Speaking of which, what about all of those complaints about the Unified Government not fulfilling the terms of the Charter? Our betters are bandying about the idea of simply rewriting the document to suit their own self-consciously progressive ideology. I am quite eager to see whether the Overview Commission’s deliberations result in any worthwhile suggestions for City Hall – and by that I really mean castigations – but I am not counting on it.

The Clarke County School District is touting its improvement in AYP scores and graduation and dropout rates (read the items for yourselves). So, we are still paying top dollar for results that, while they may be marginally “better” than those to which we are accustomed, remain astonishingly poor. And by the way, I still have received not the first word of feedback from that “open letter” to the members of the Board of Education and the powers that be over on Mitchell Bridge Road.

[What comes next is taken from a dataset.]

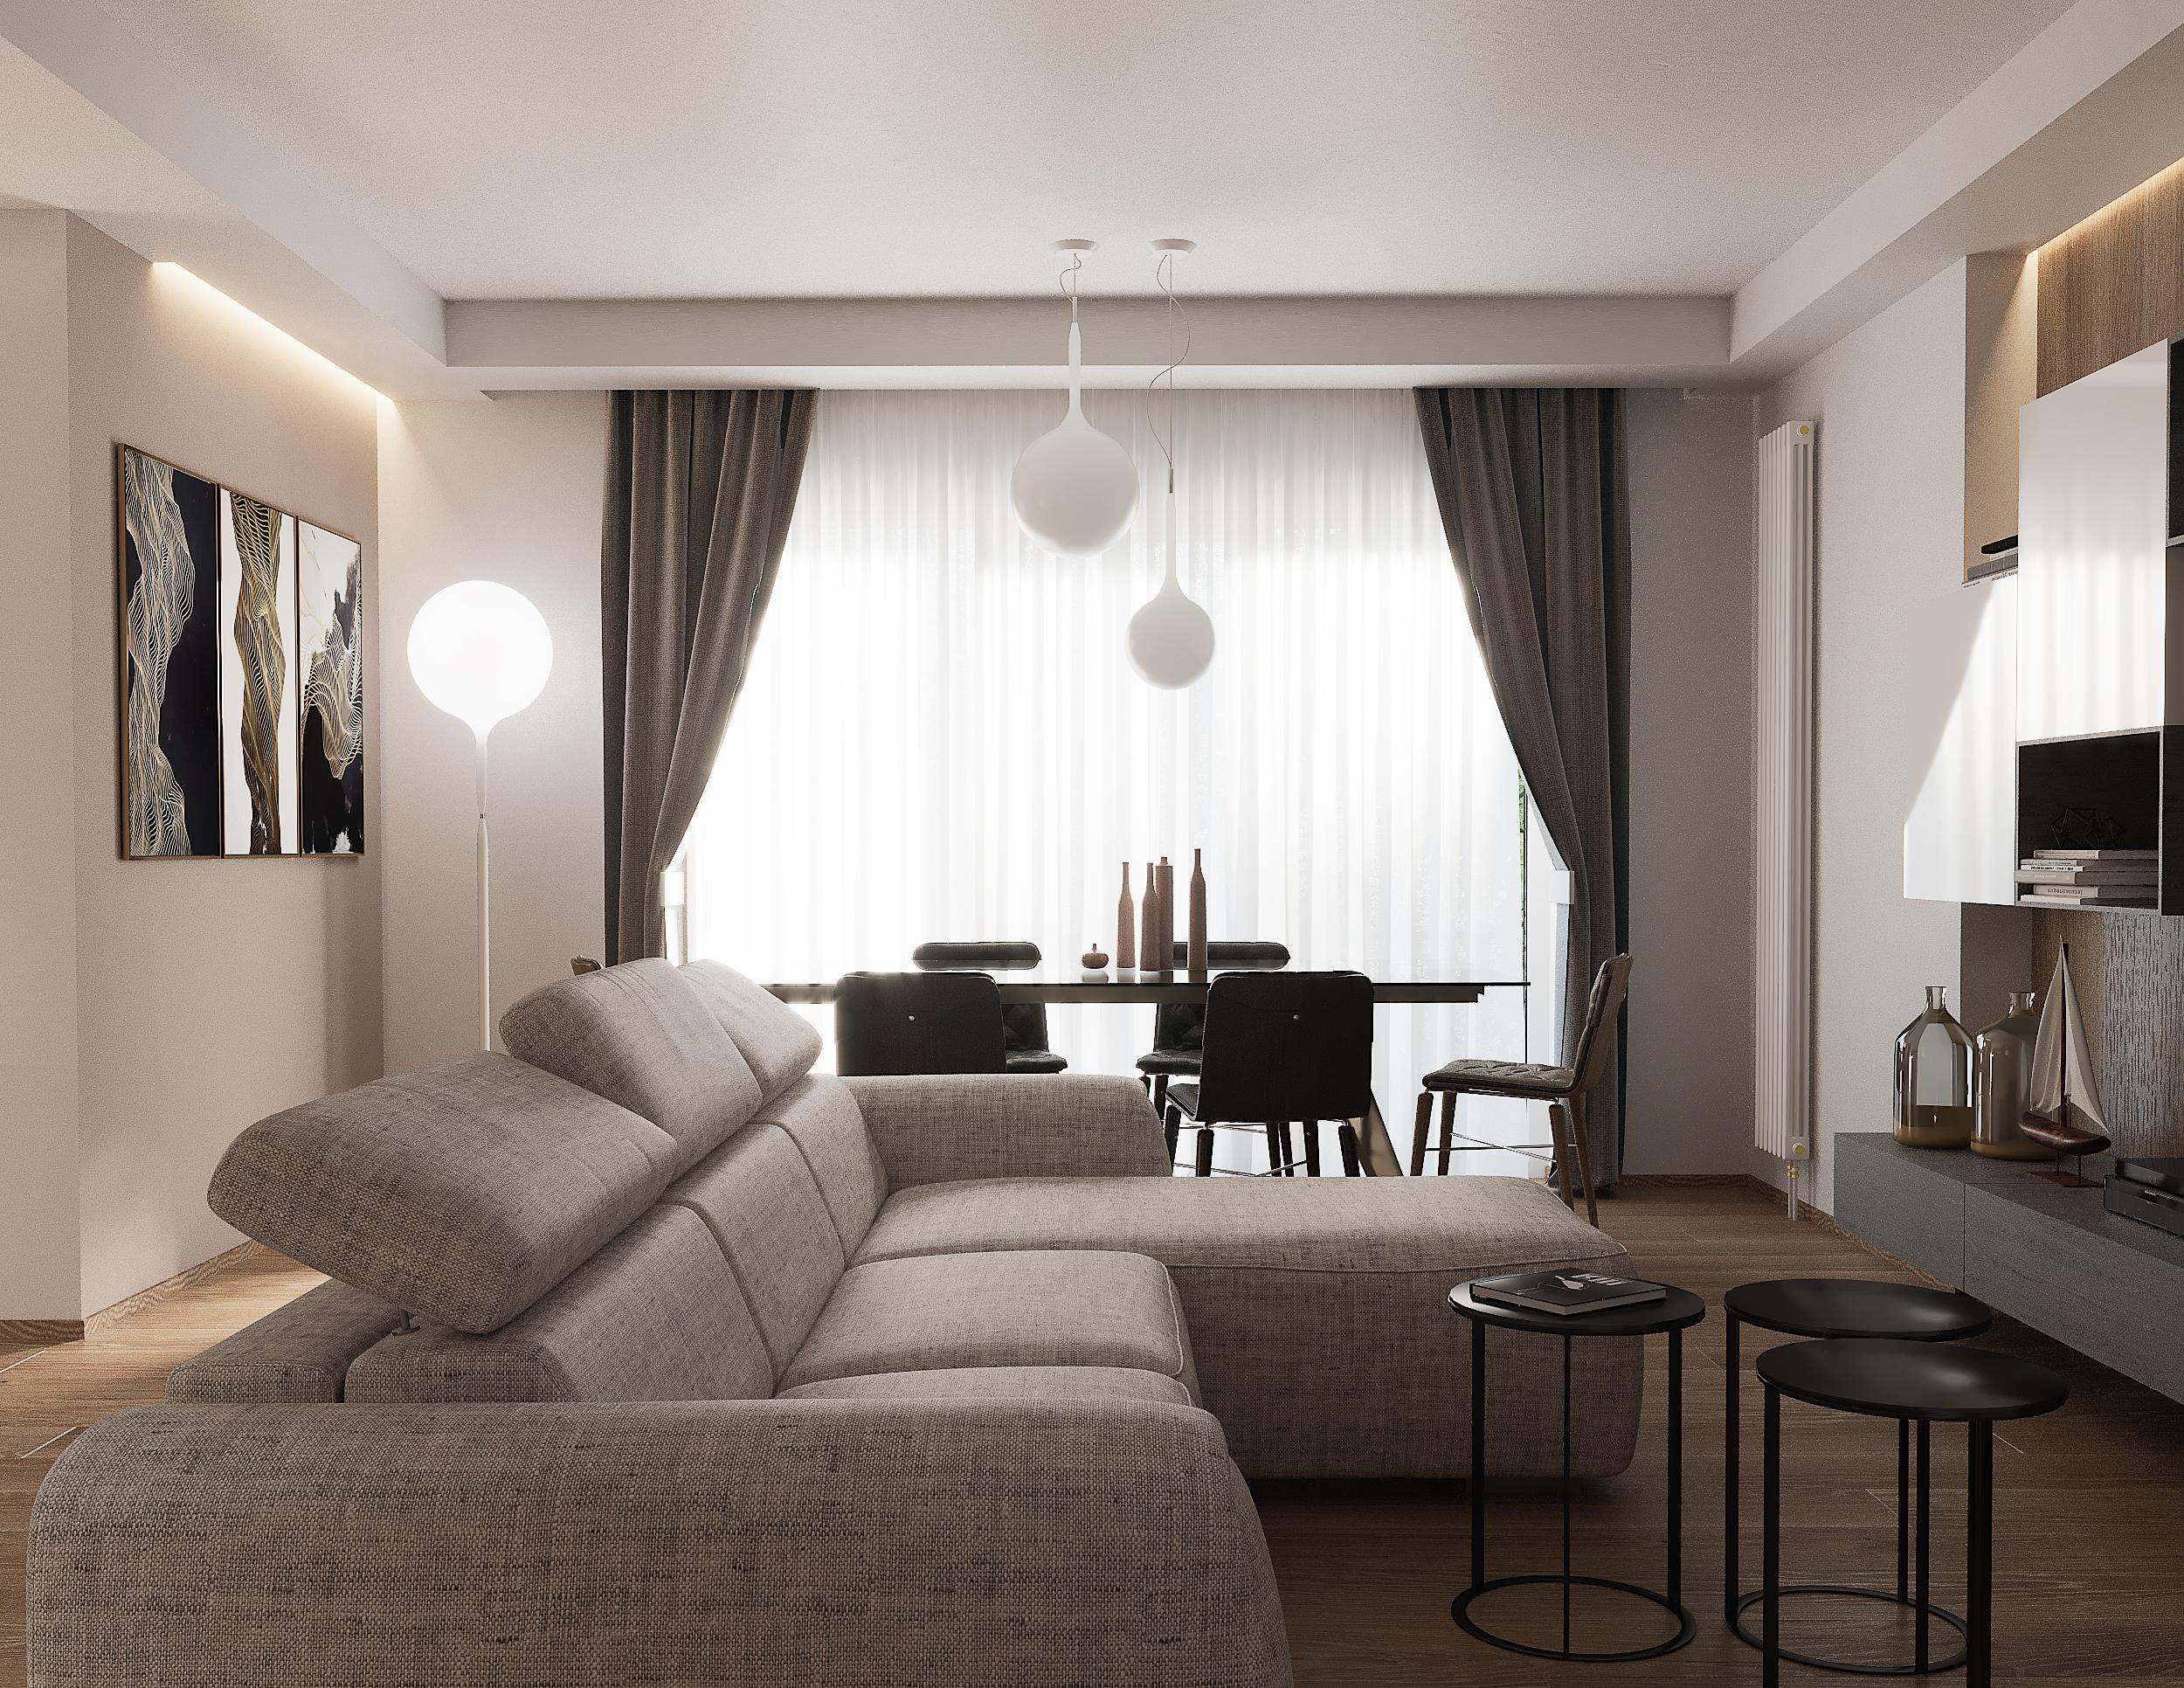 Parcella Architetto Per Ristrutturazione consulenza di interior design: architetto specializzato

Also, a lawsuit has been heard in Magistrate’s Court concerning the Unified Government’s Stormwater Utility Fee, on which I will comment more when the verdict is handed down.

Finally, I had a bit of a brush with greatness a few weekends ago at a GSSF match in Dawsonville (I don’t get to shoot much these days and am horribly out of practice). Standing directly in front of me in the registration line was none other than Massad Ayoob, well known for his myriad articles in the “gun press” and as former director of the Lethal Force Institute. He was in Atlanta for a radio appearance and took the opportunity to bust a few caps while in the area. I thoroughly enjoyed our chat.